%%

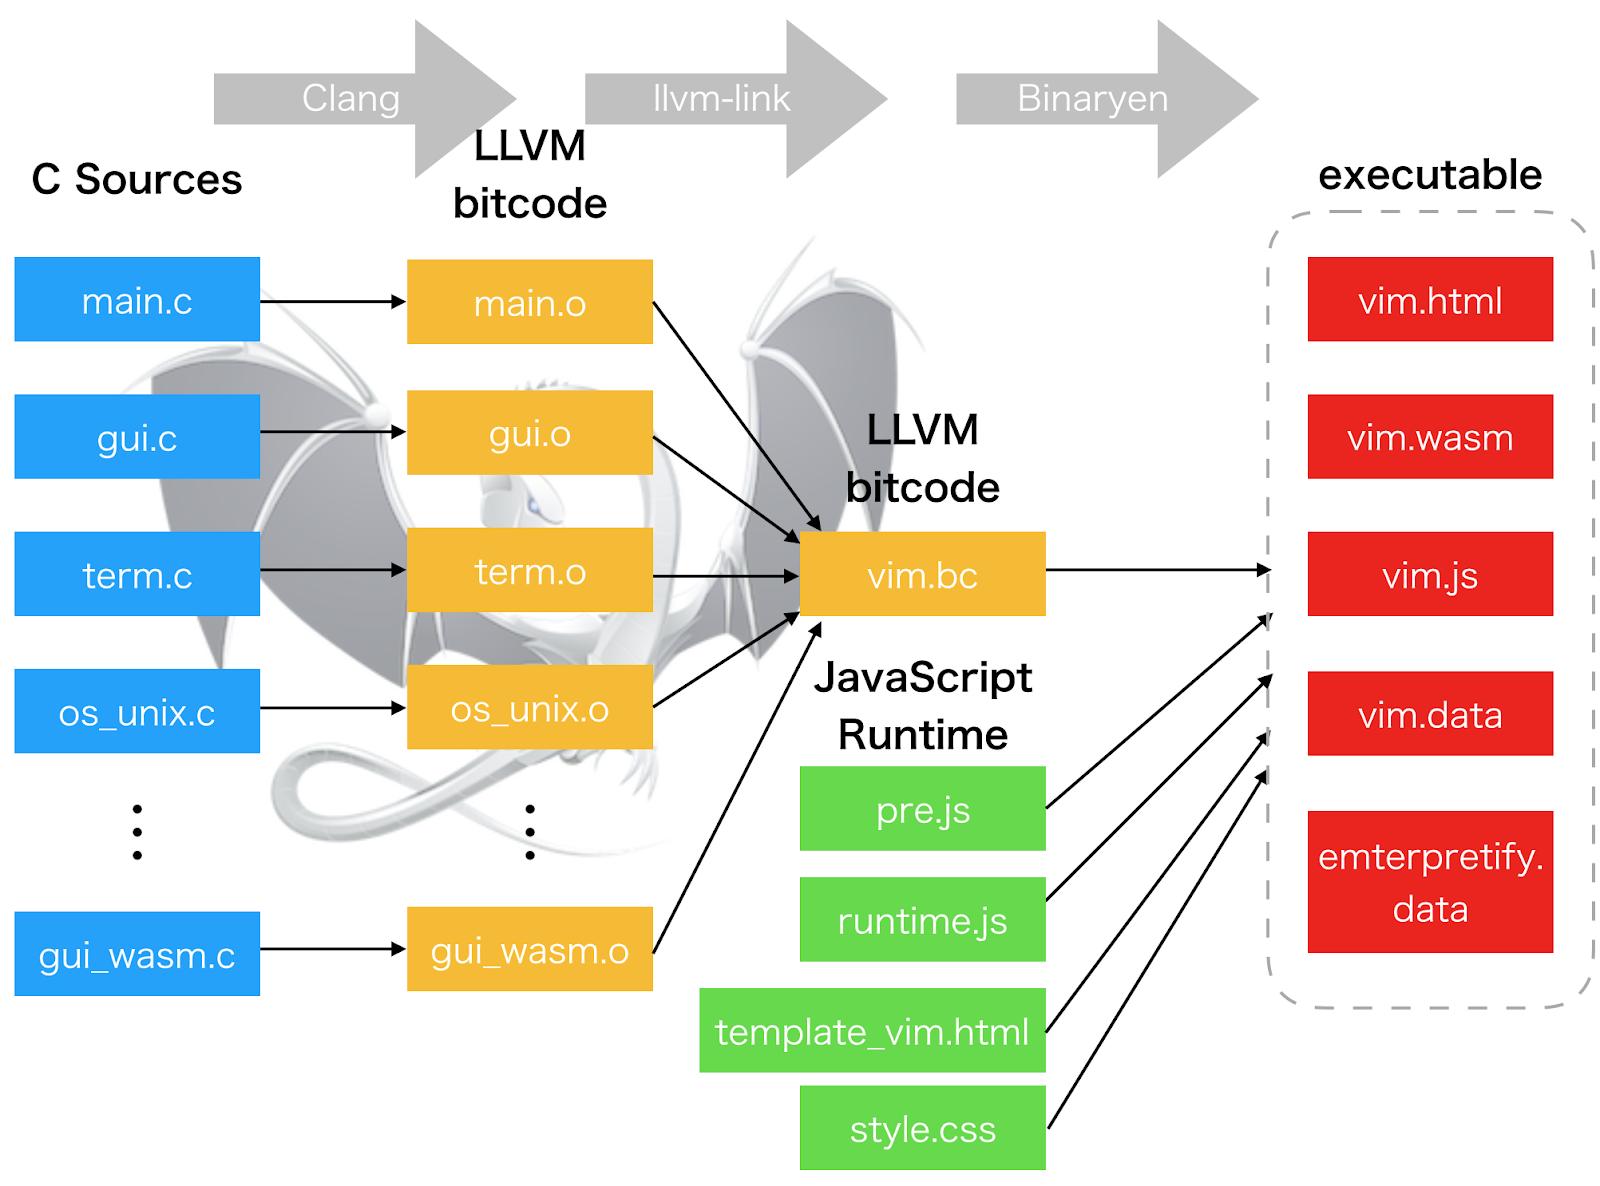 Vim Wasm - Vim Editor Ported To WebAssembly
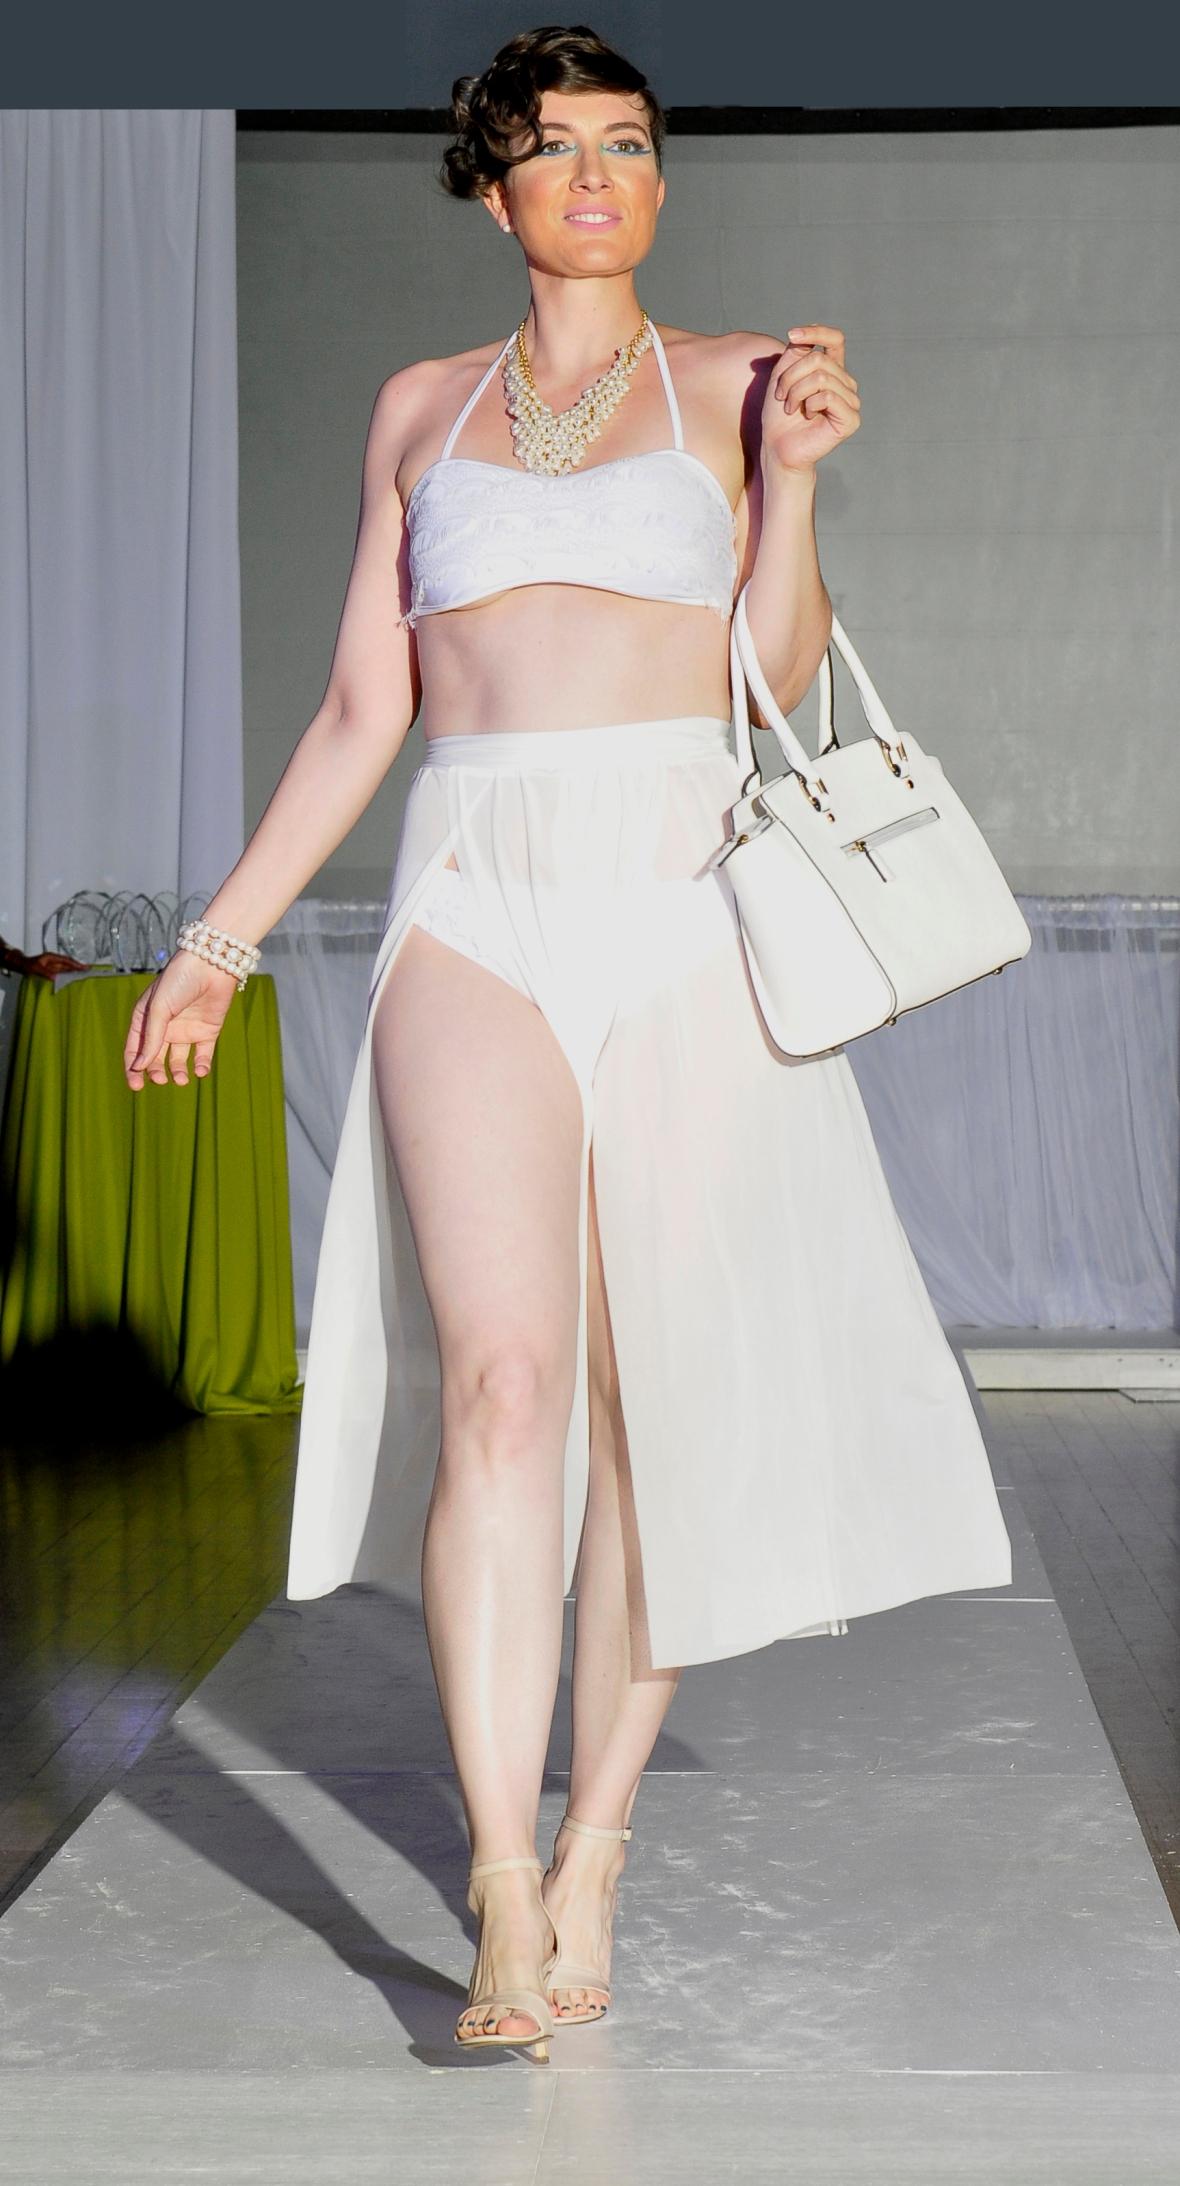 CSC i-Fashion SteveB 1
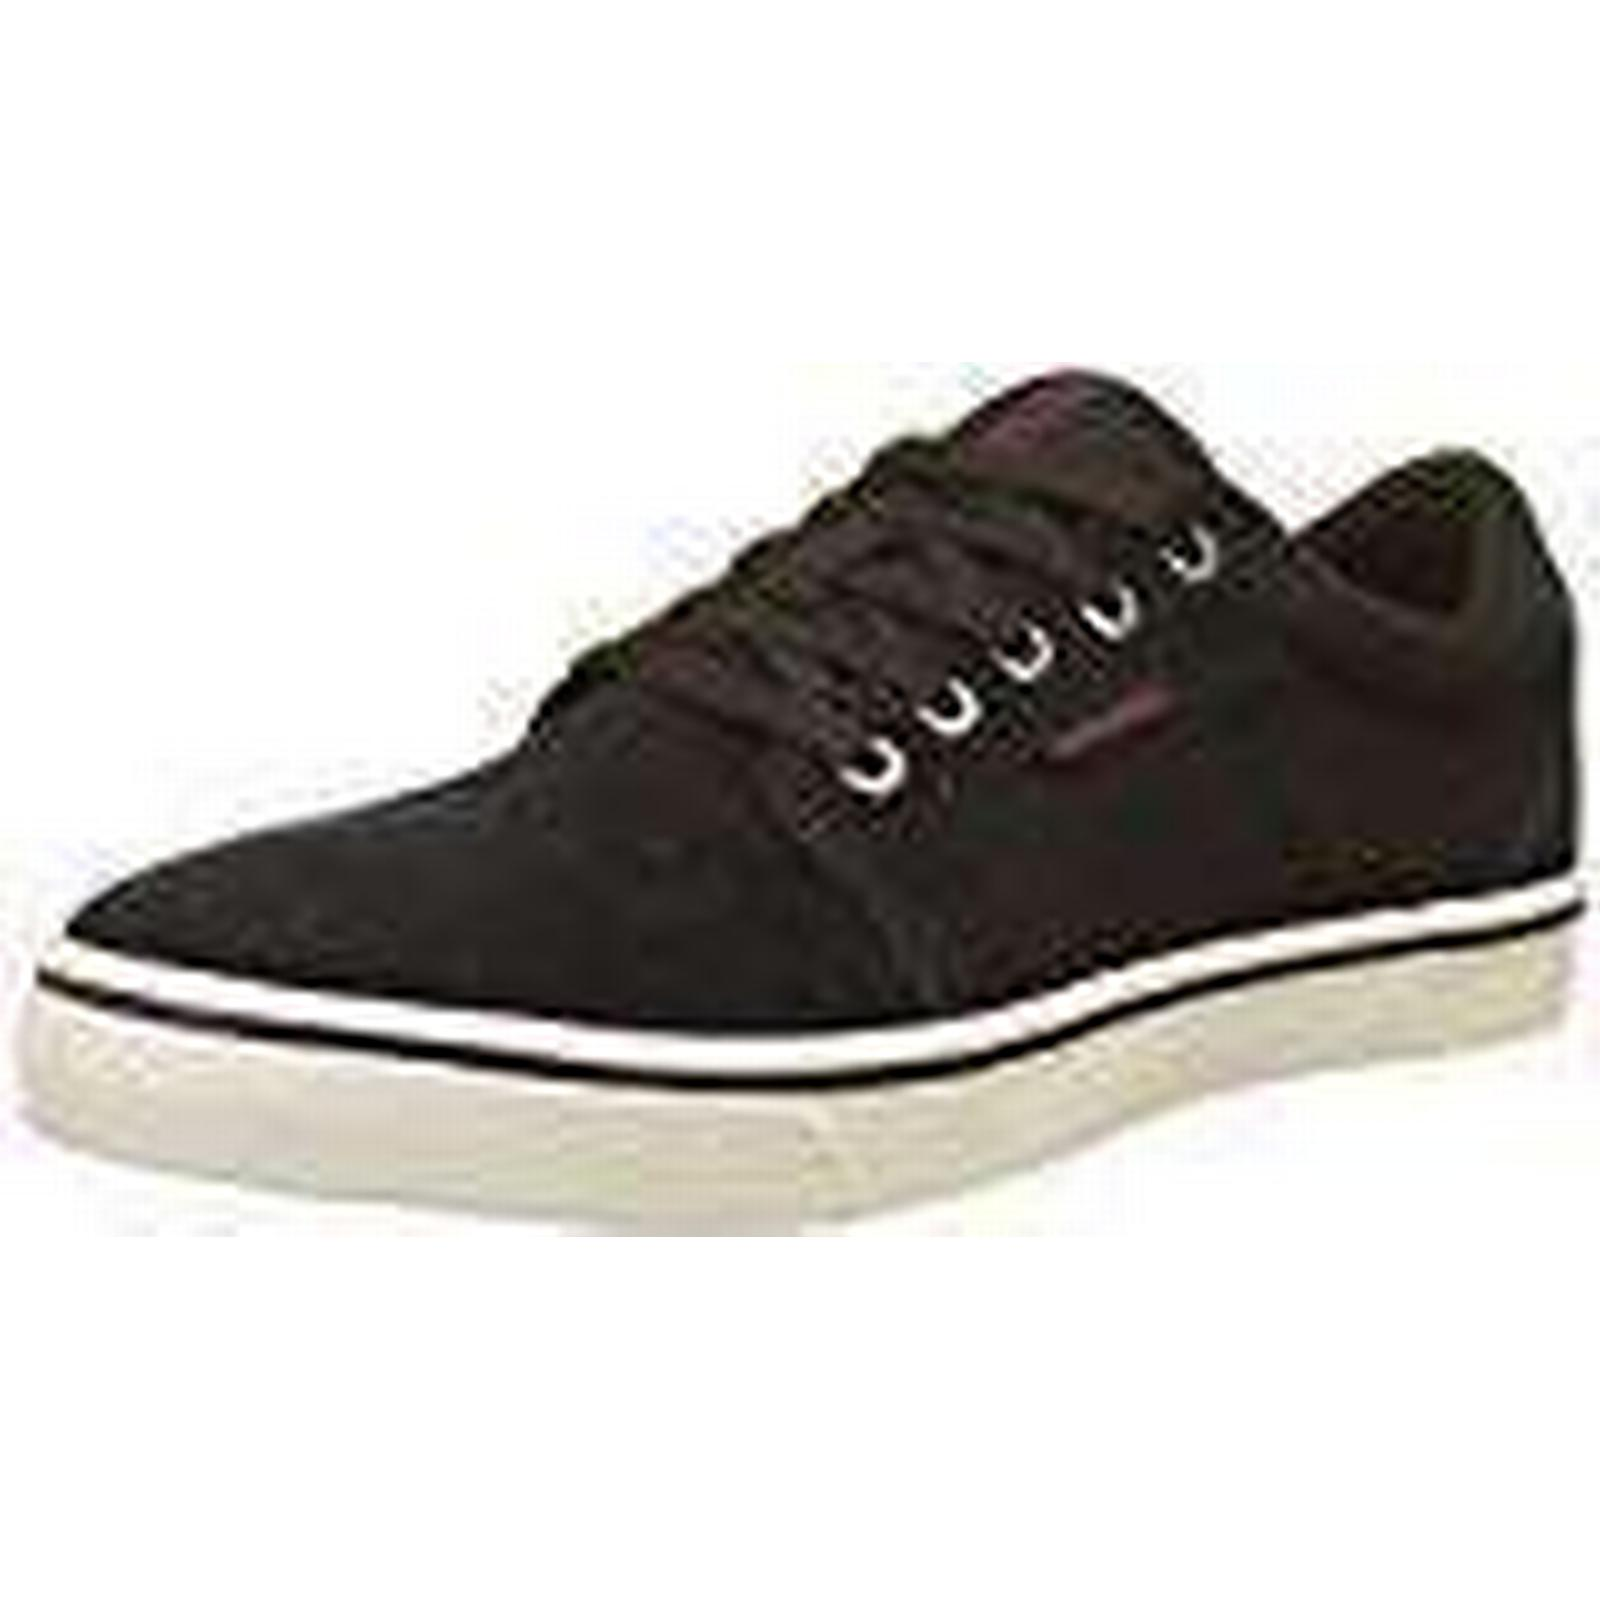 Jack & Anthracite Jones Men''s Jfwdandy Nubuck Anthracite & Low-Top Sneakers, Grey, 8 UK 05be6f

%%

YOUR GOAL:
The listing above is to be set down word for word, without its images.

EXERCISE ANSWER:
 Vim Wasm - Vim Editor Ported To WebAssembly
 CSC i-Fashion SteveB 1
 Jack & Anthracite Jones Men''s Jfwdandy Nubuck Anthracite & Low-Top Sneakers, Grey, 8 UK 05be6f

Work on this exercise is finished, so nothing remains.